**Work instructions:** An exact copy of the records below is required, and it must contain no pictures.

____________________

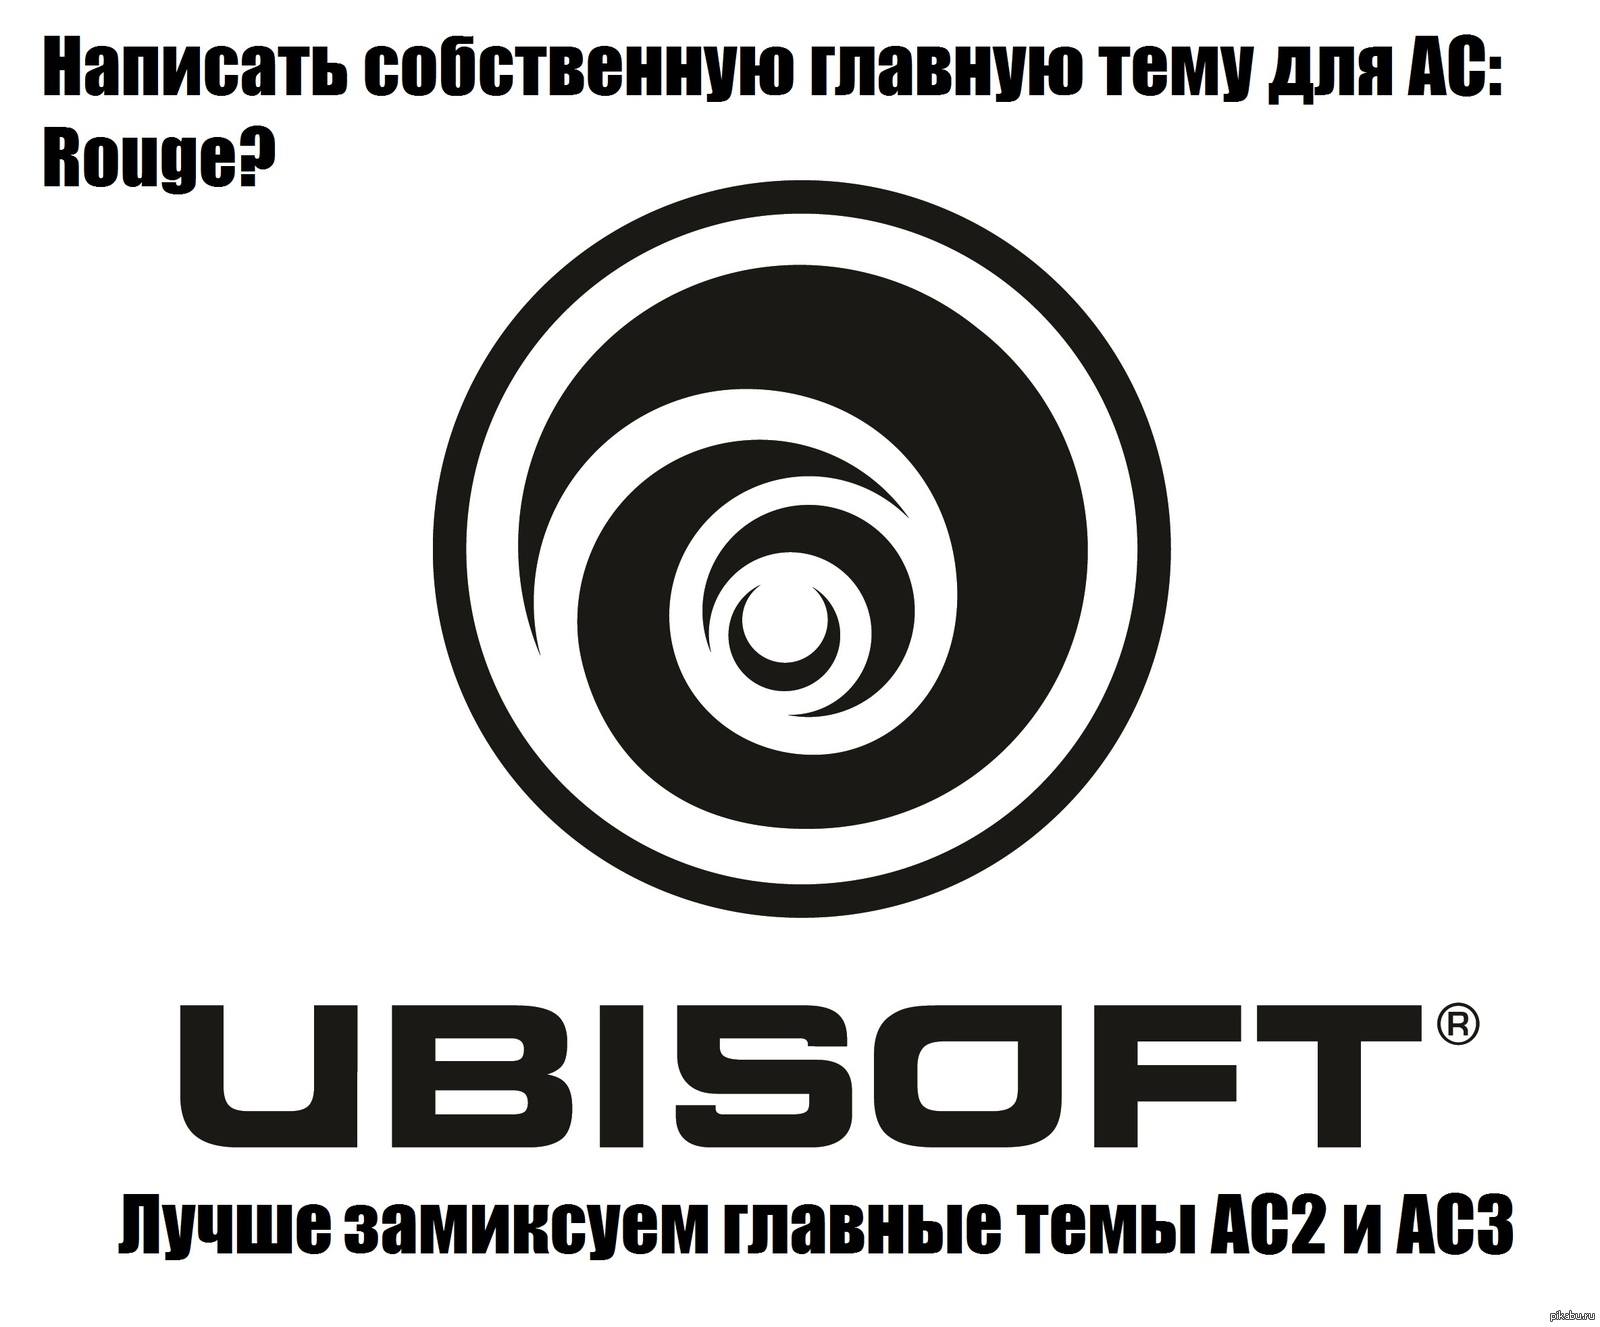 Игровые фирмы. Эмблема юбисофт. Старый логотип юбисофт. Логотипы игровых компаний. Старое лого Ubisoft.
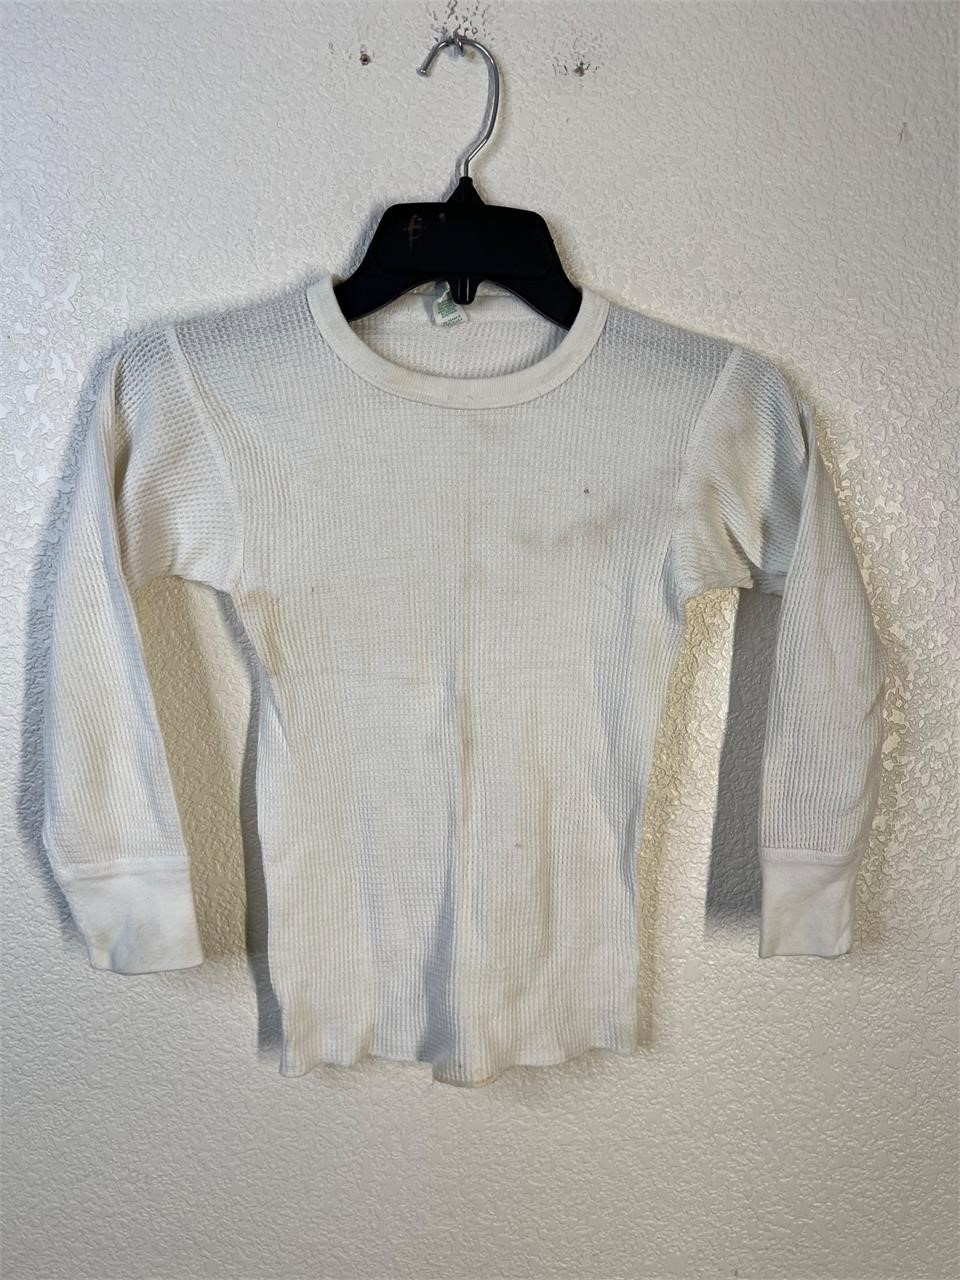 Vintage K-Mart Thermal Shirt
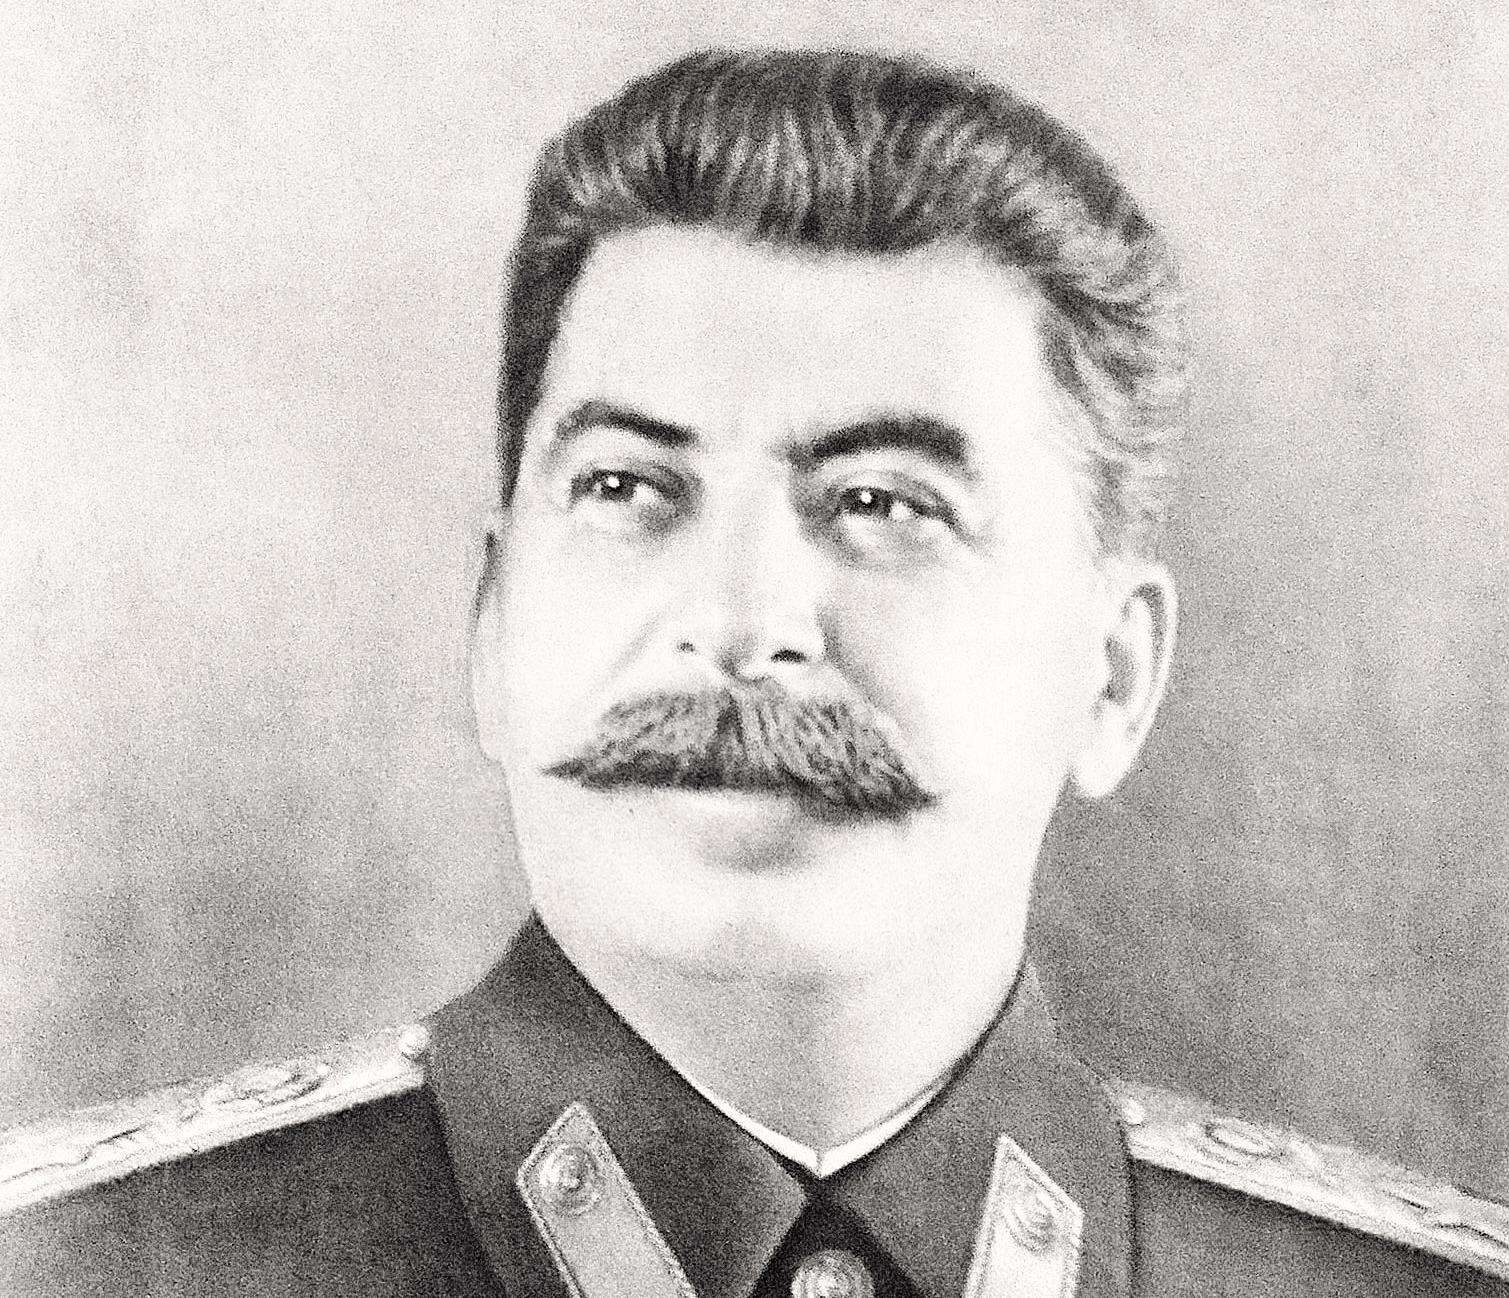 Soviet Union leader Stalin died in 1953
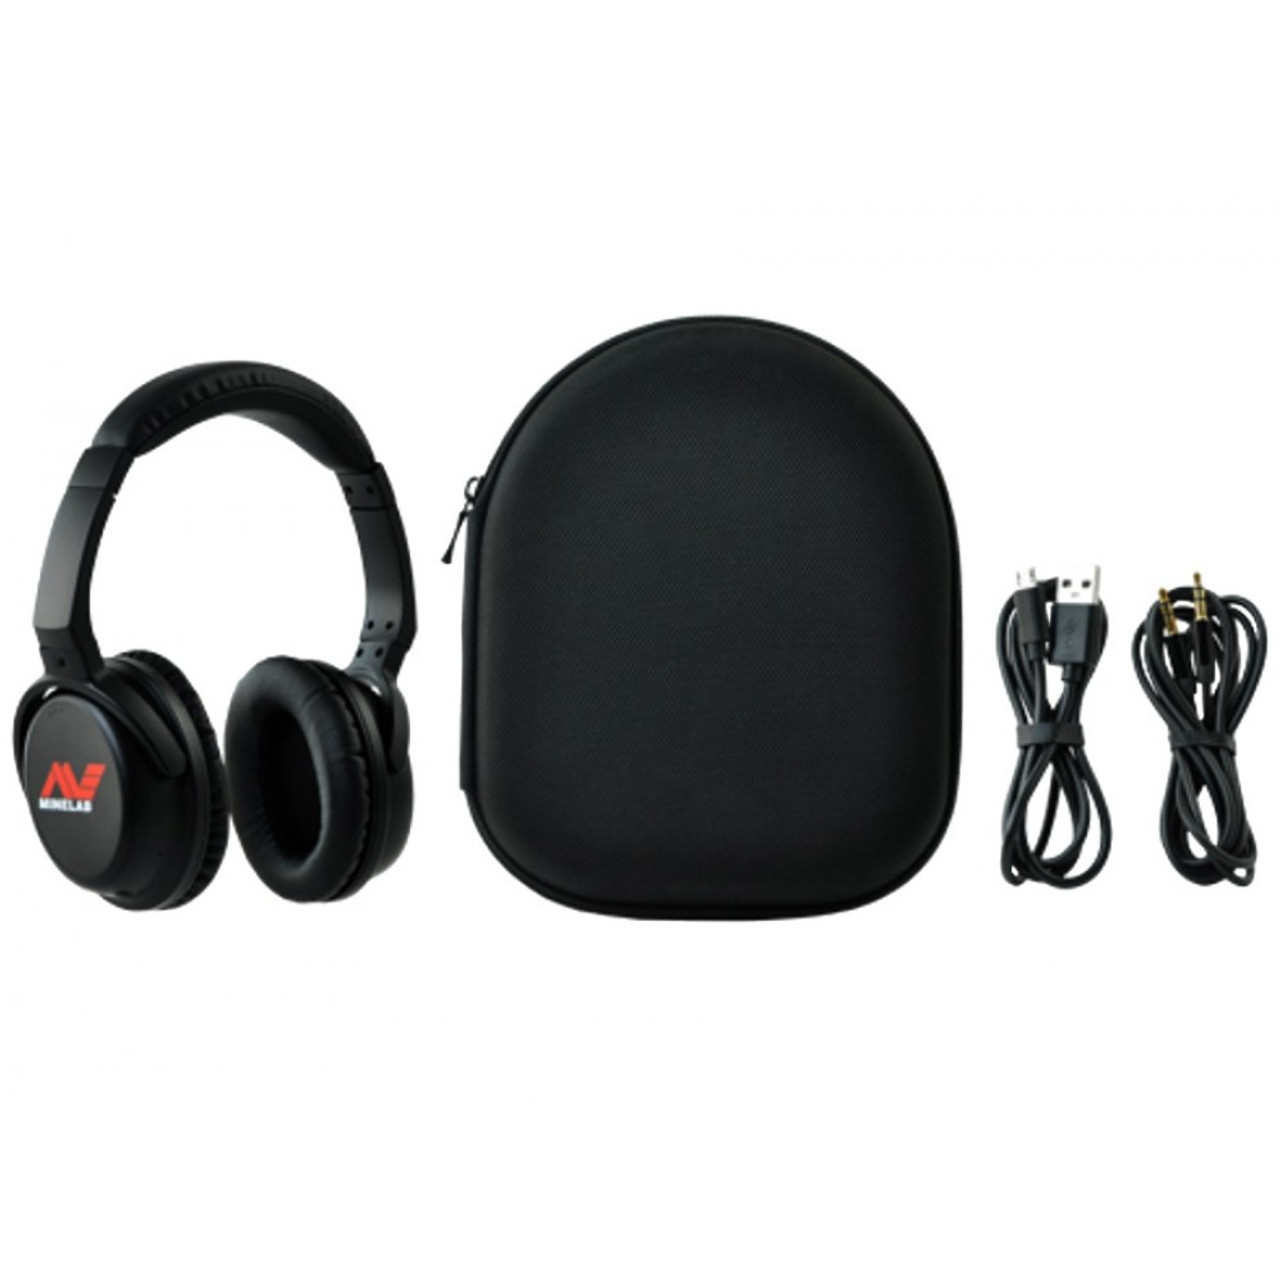 Minelab Bluetooth / apt-X Low Latency Wireless Headphones
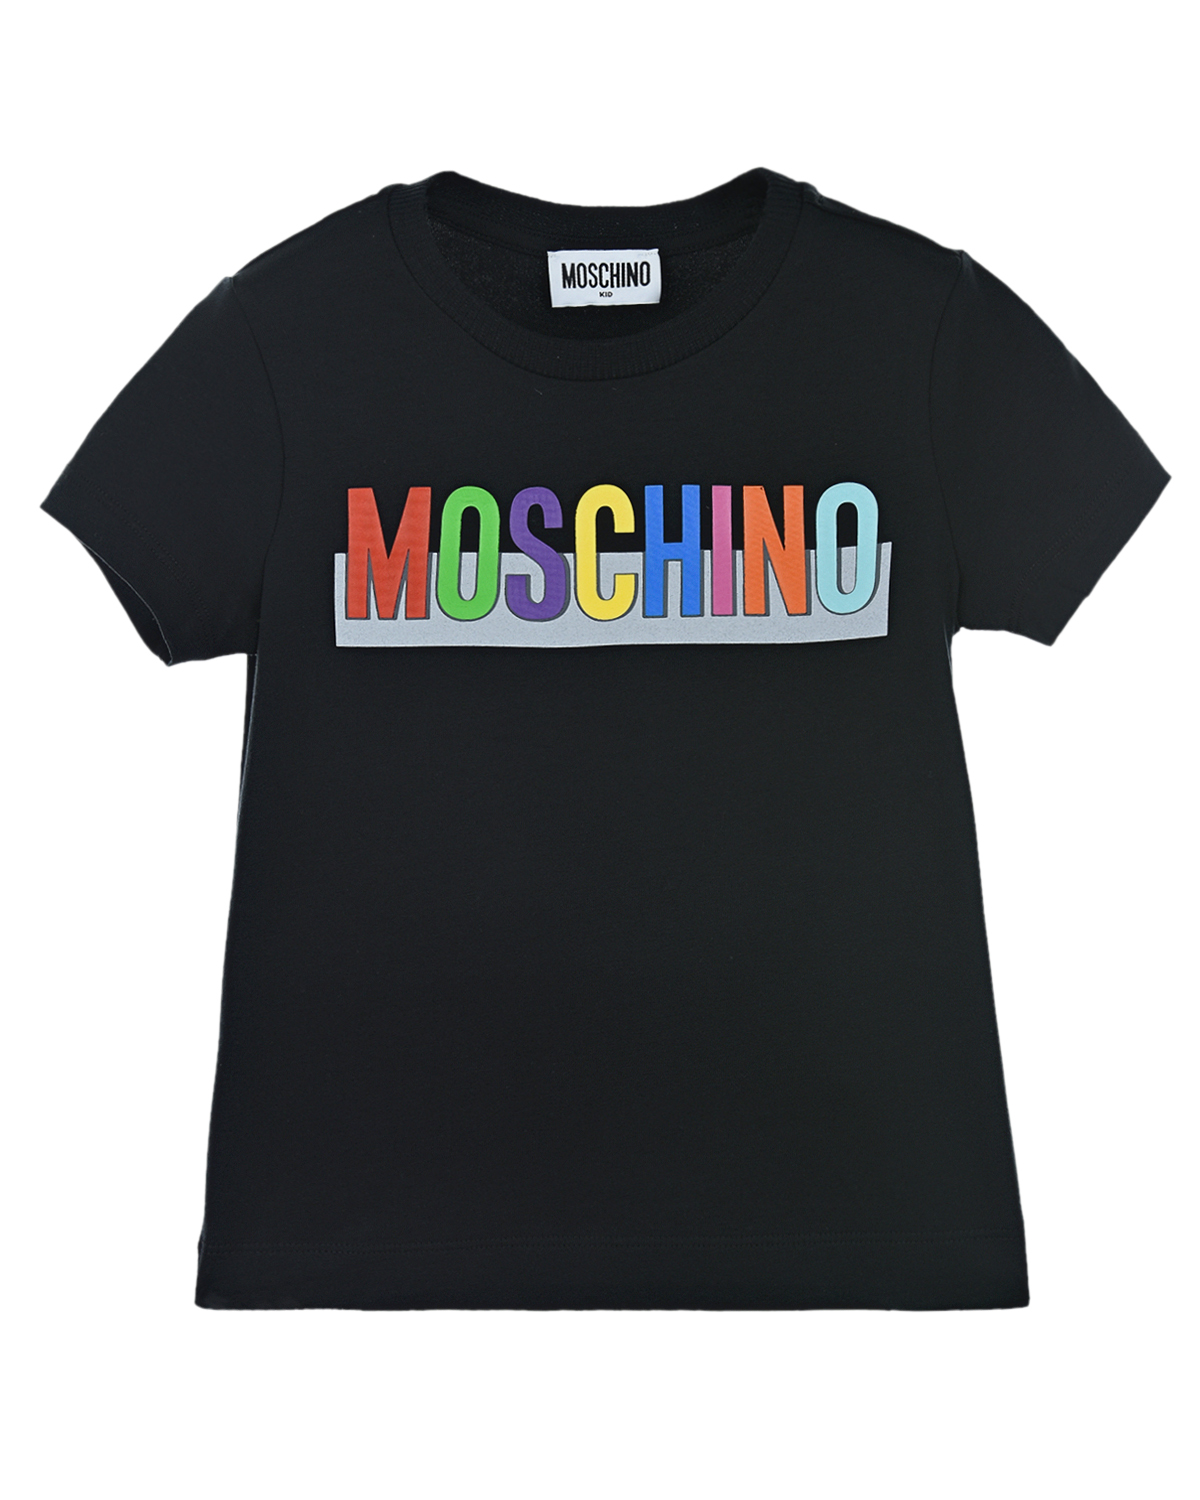 Купить Черная футболка с радужным логотипом Moschino детская, Черный, 94%хлопок+6%эластан, 98%хлопок+2%эластан

____________________

**Solution below:**
 Игровые фирмы. Эмблема юбисофт. Старый логотип юбисофт. Логотипы игровых компаний. Старое лого Ubisoft.
 Vintage K-Mart Thermal Shirt
 Soviet Union leader Stalin died in 1953
 Minelab Bluetooth / apt-X Low Latency Wireless Headphones
 Купить Черная футболка с радужным логотипом Moschino детская, Черный, 94%хлопок+6%эластан, 98%хлопок+2%эластан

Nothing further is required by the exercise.